-- Source data follows --

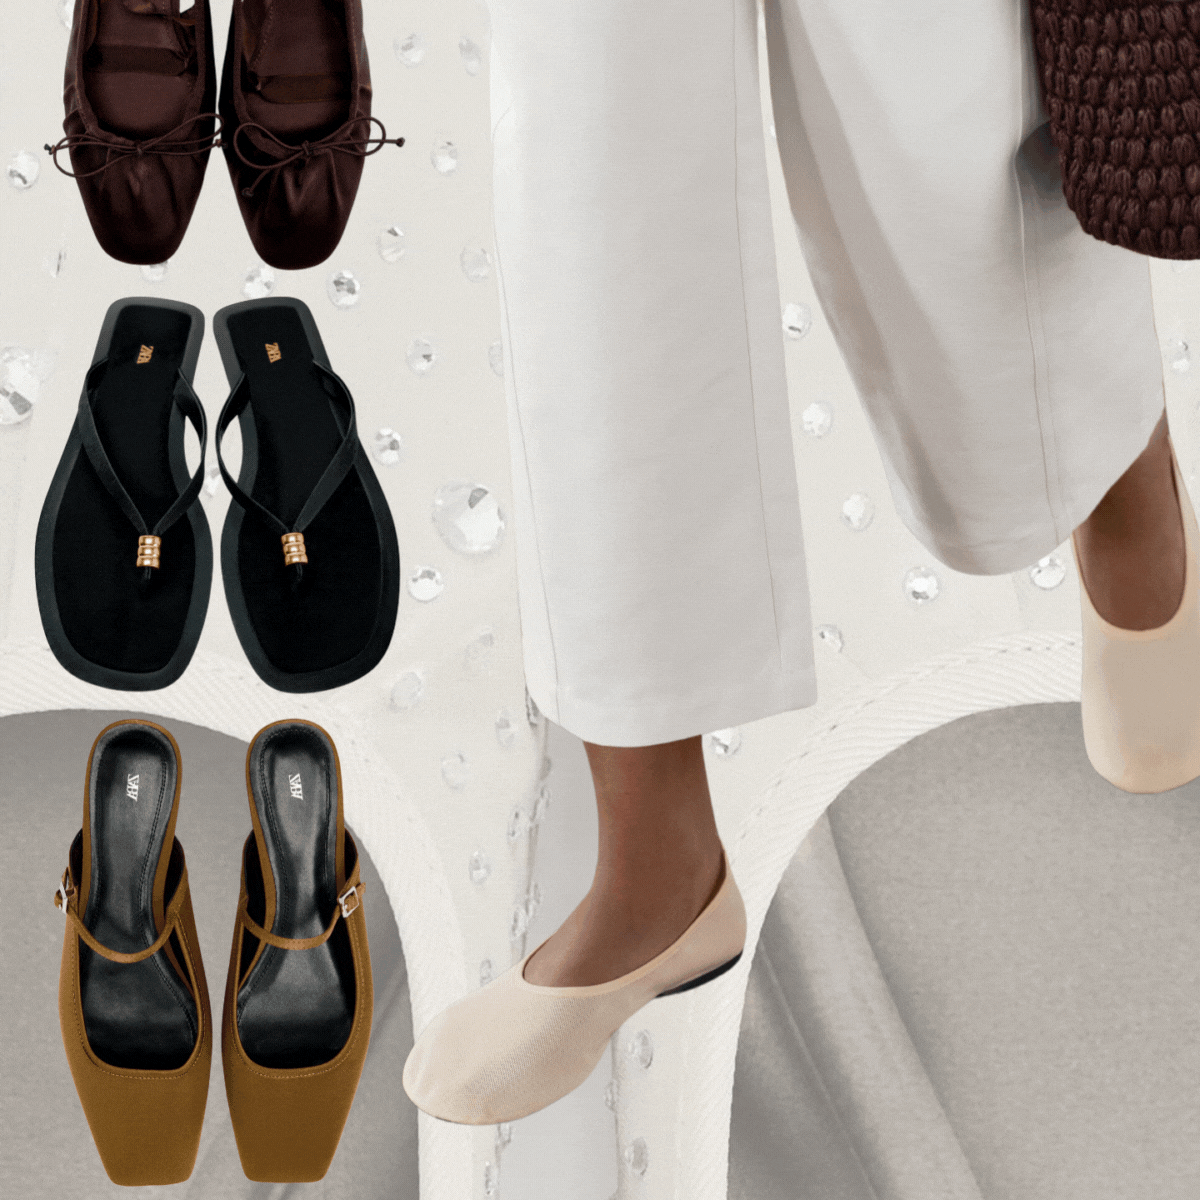 Zara Flat Shoe Trends
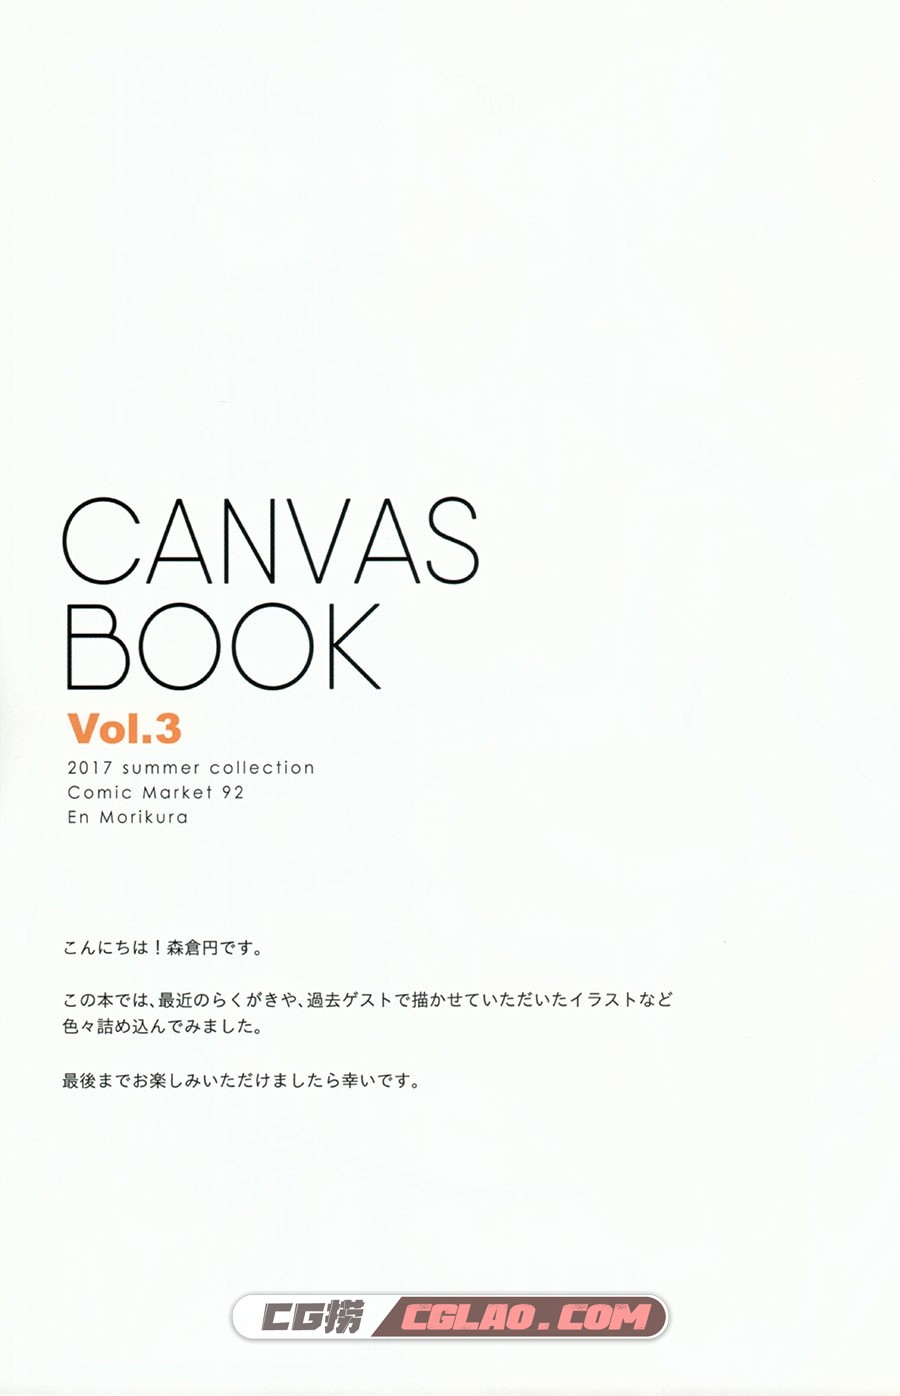 カンバス 森倉円 CANVAS BOOK 3 同人插画画集百度网盘下载,301.jpg
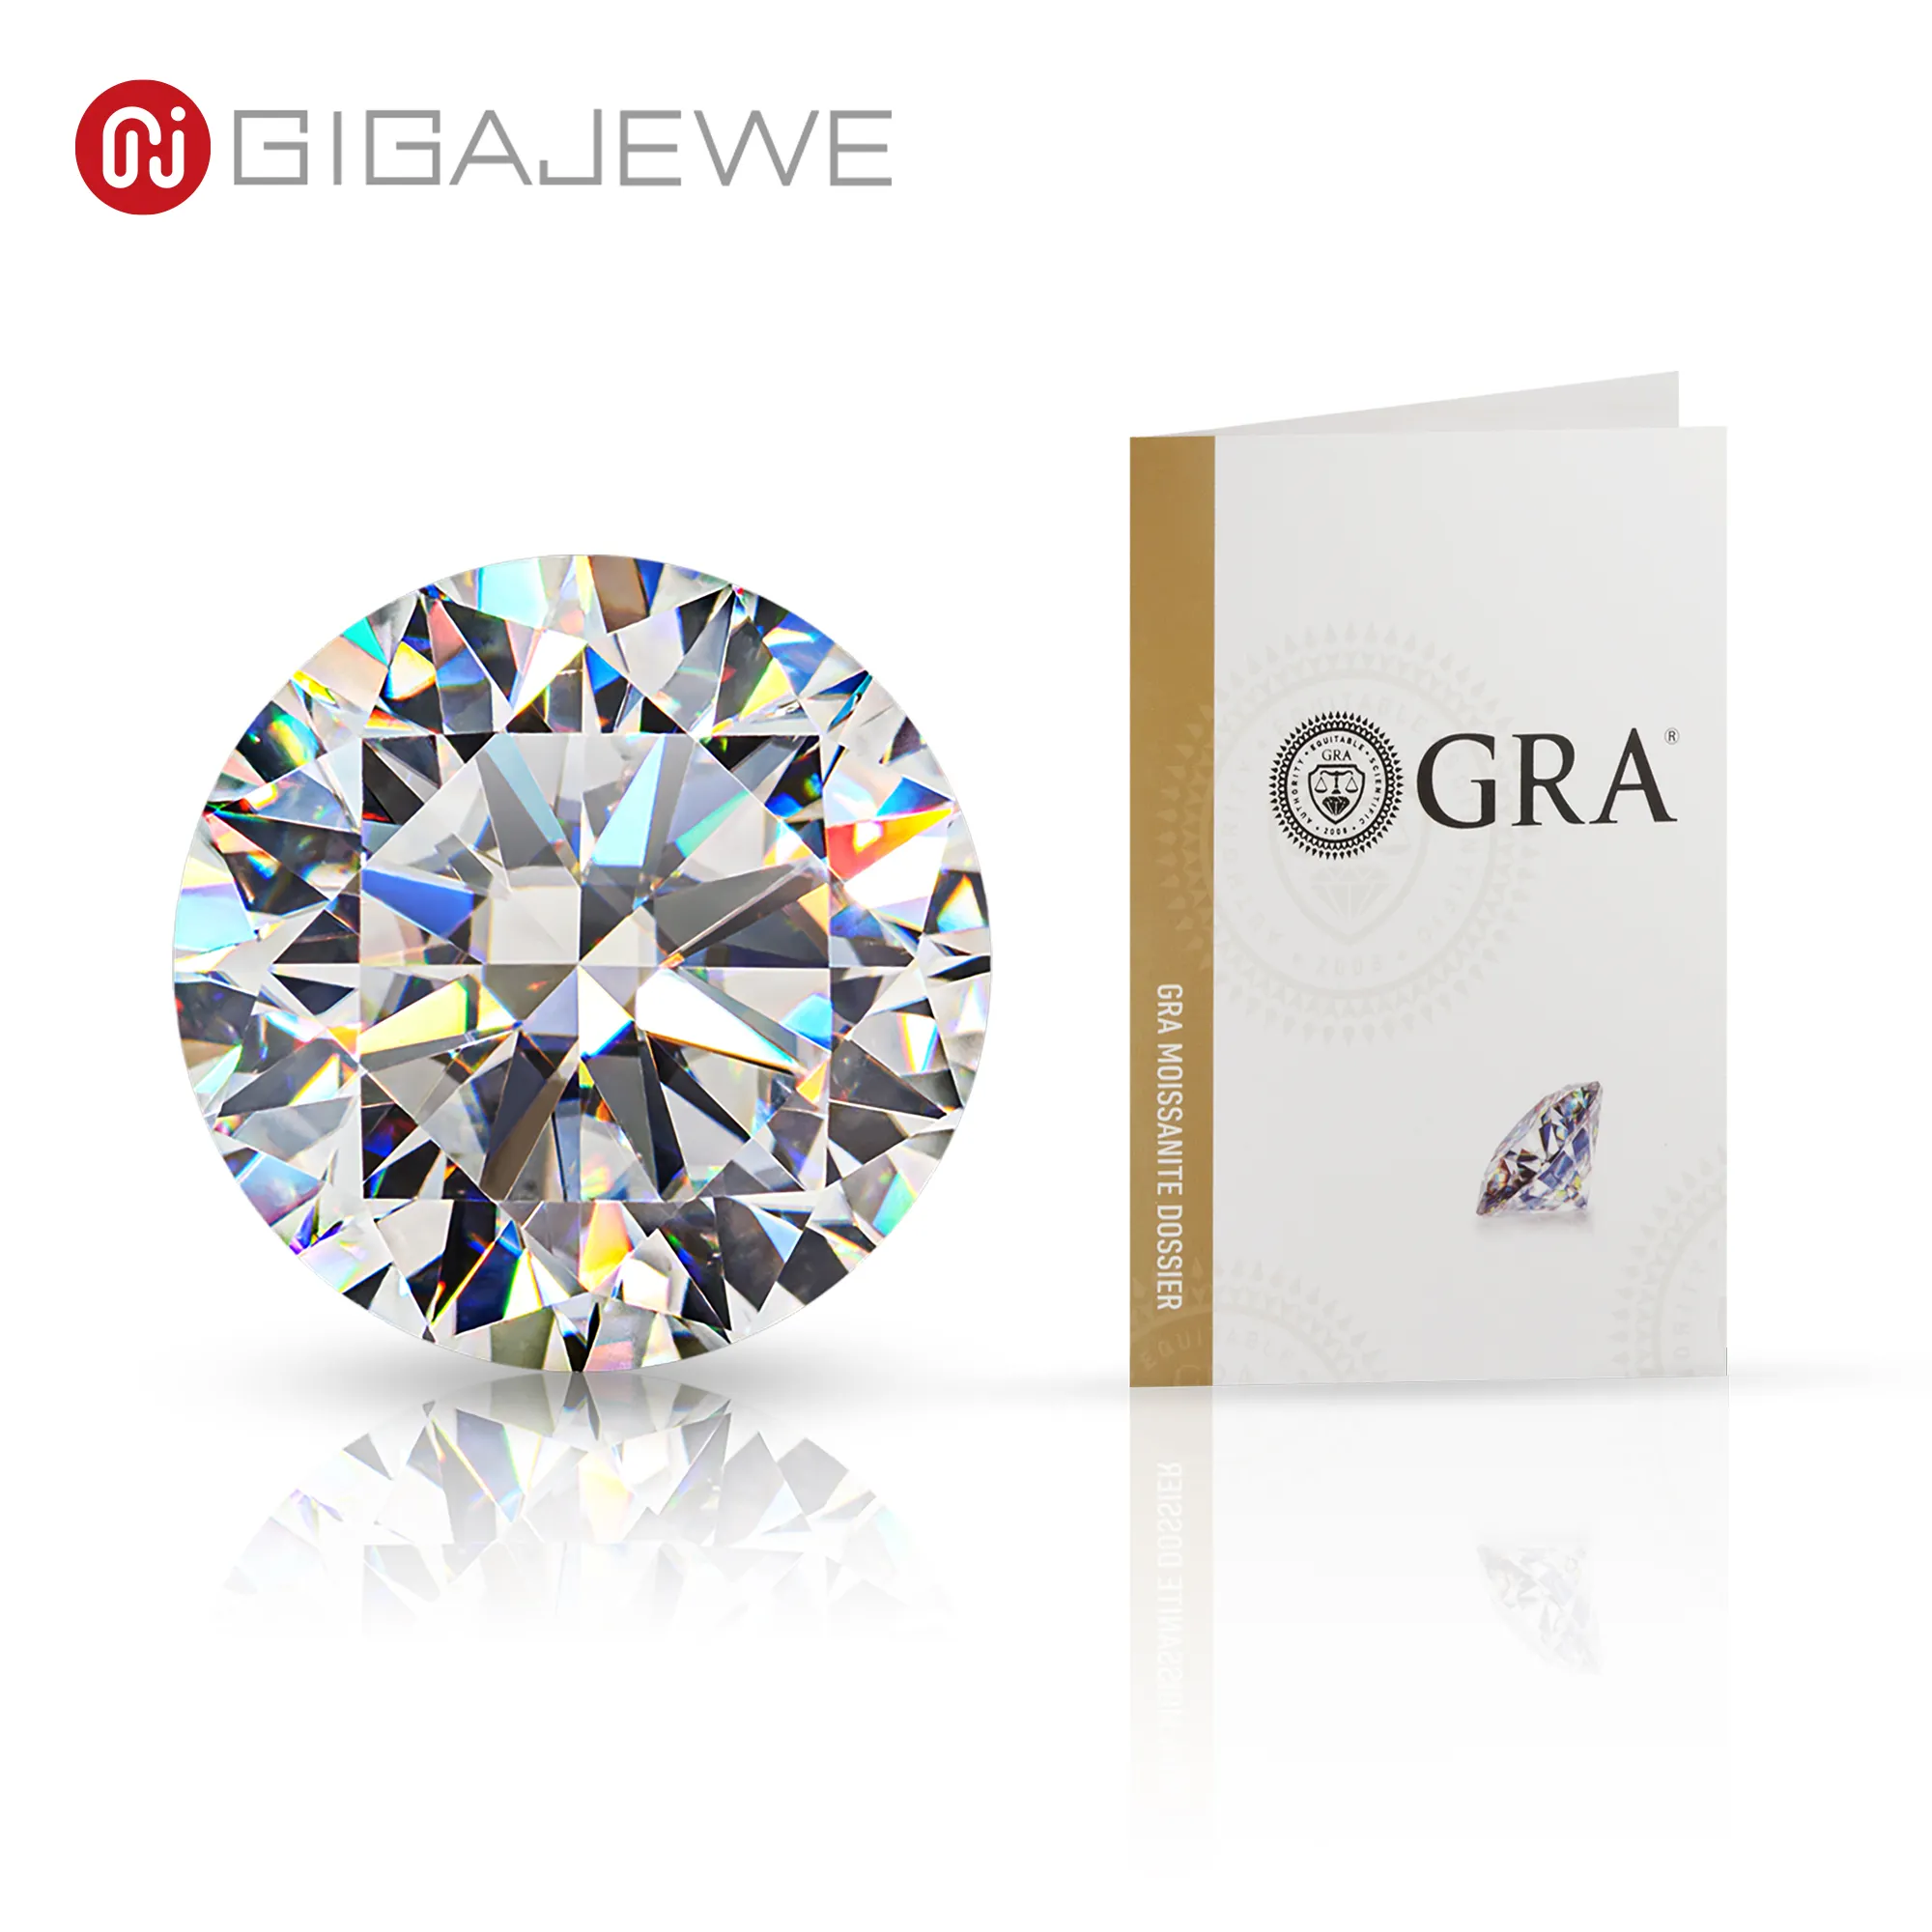 GIGAJEWE all'ingrosso loose Moissanite diamante con certificato di colore bianco DEF VVS1 chiarezza per la creazione di gioielli

-- Source data concluded --

## Your goal
Repeat the material above precisely as it appears, omitting the images it contains.

## Reply to the exercise
 Zara Flat Shoe Trends
 カンバス 森倉円 CANVAS BOOK 3 同人插画画集百度网盘下载,301.jpg
 GIGAJEWE all'ingrosso loose Moissanite diamante con certificato di colore bianco DEF VVS1 chiarezza per la creazione di gioielli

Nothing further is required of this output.